FIG. 2 is a front view showing the construction of an arc tube relating to the embodiment, with being partially cut away;

FIGS. 3A to 3C show manufacturing processes of the arc tube relating to the embodiment;

FIGS. 4A to 4C show manufacturing processes of the arc tube relating to the embodiment;

FIG. 5 shows a glass tube in the state shown in FIG. 4A, as viewed from end parts of the glass tube in the direction of its spiral axis; and

FIG. 6 shows a fluorescent lamp to which the present invention is applied.

The following describes, with reference to the drawings, a preferred embodiment of the present invention relating to a low-pressure mercury lamp, which is applied to a compact self-ballasted fluorescent lamp.

1. Construction of Compact Self-Ballasted Fluorescent Lamp

FIG. 1 is a front view showing the overall construction of the compact self-ballasted fluorescent lamp relating to the present invention, with being partially cut away. The compact self-ballasted fluorescent lamp 1 is a 21 W lamp that is an alternative to a 100 W incandescent lamp. It should be noted here that a 100 W incandescent lamp has a maximum outer diameter of 60 mm and a total length of 110 mm.

As shown in the figure, the compact self-ballasted fluorescent lamp 1 includes an arc tube 2 that is wound in a double spiral, an electronic ballast 3 for lighting the arc tube 2, a case 4 containing the electronic ballast 3 and having a base 5, and a globe 6 covering the arc tube 2.

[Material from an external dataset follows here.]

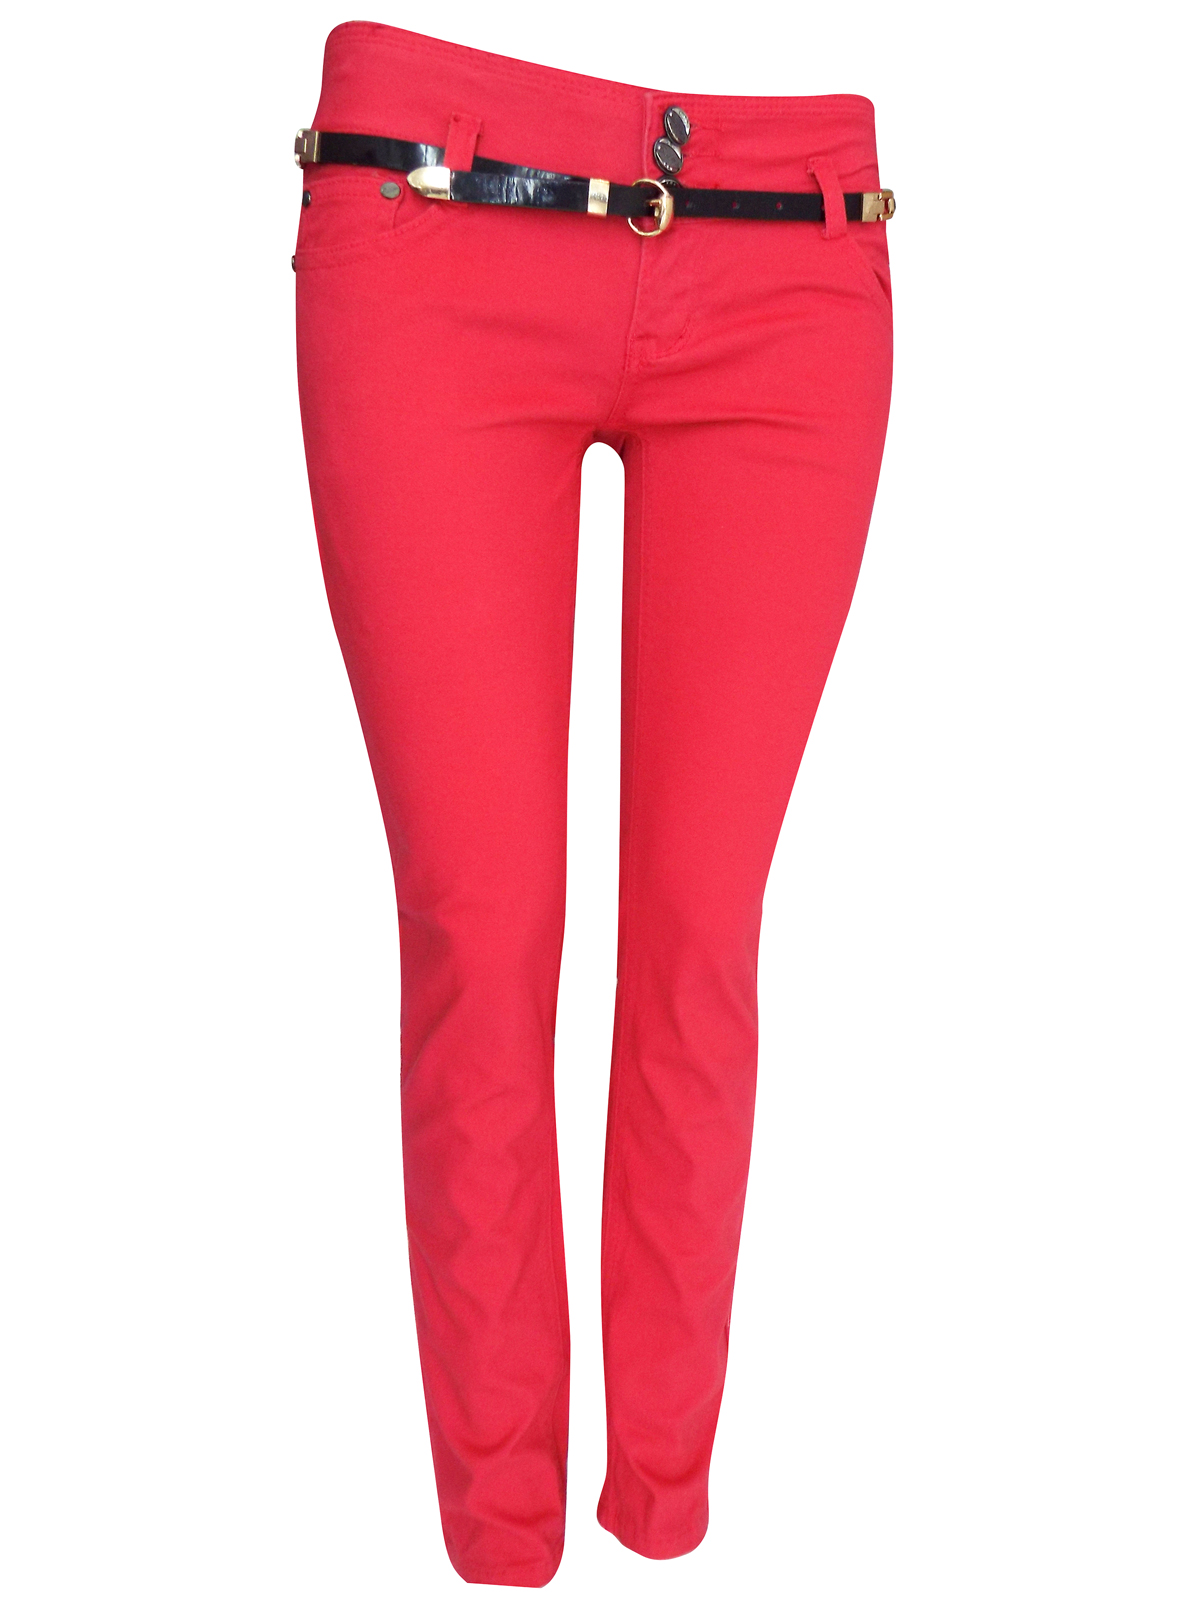 Sarah Chole - - Sarah Chole RED Low Rise Skinny Jeans with Belt - Size ...

The arc tube 2 extends from the opening of the case 4 in the downward direction (in the direction opposite to the base 5). A glass tube 9 forming the arc tube 2 is turned at its substantially middle to form a turning part 92, so that end parts 91a and 91b of the glass tube 9 are positioned within the case 4. Electrodes are attached in the end parts 91a and 91b of the glass tube 9 (see FIG. 2). Mercury is enclosed, for example singly, within the glass tube 9.

The arc tube 2 is held by a holder 41 via an adhesive such as silicone (not shown), with the end parts 91a and 91b being placed within the holder 41. A substrate 31 is attached at the backside of the holder 41 (at the side where the base 5 is provided). Electronic components for lighting the arc tube 2 are attached to the substrate 31. It should be noted here that these electronic components form the electronic ballast 3. This electronic ballast 3 employs a series inverter method, and its circuit efficiency is 91%.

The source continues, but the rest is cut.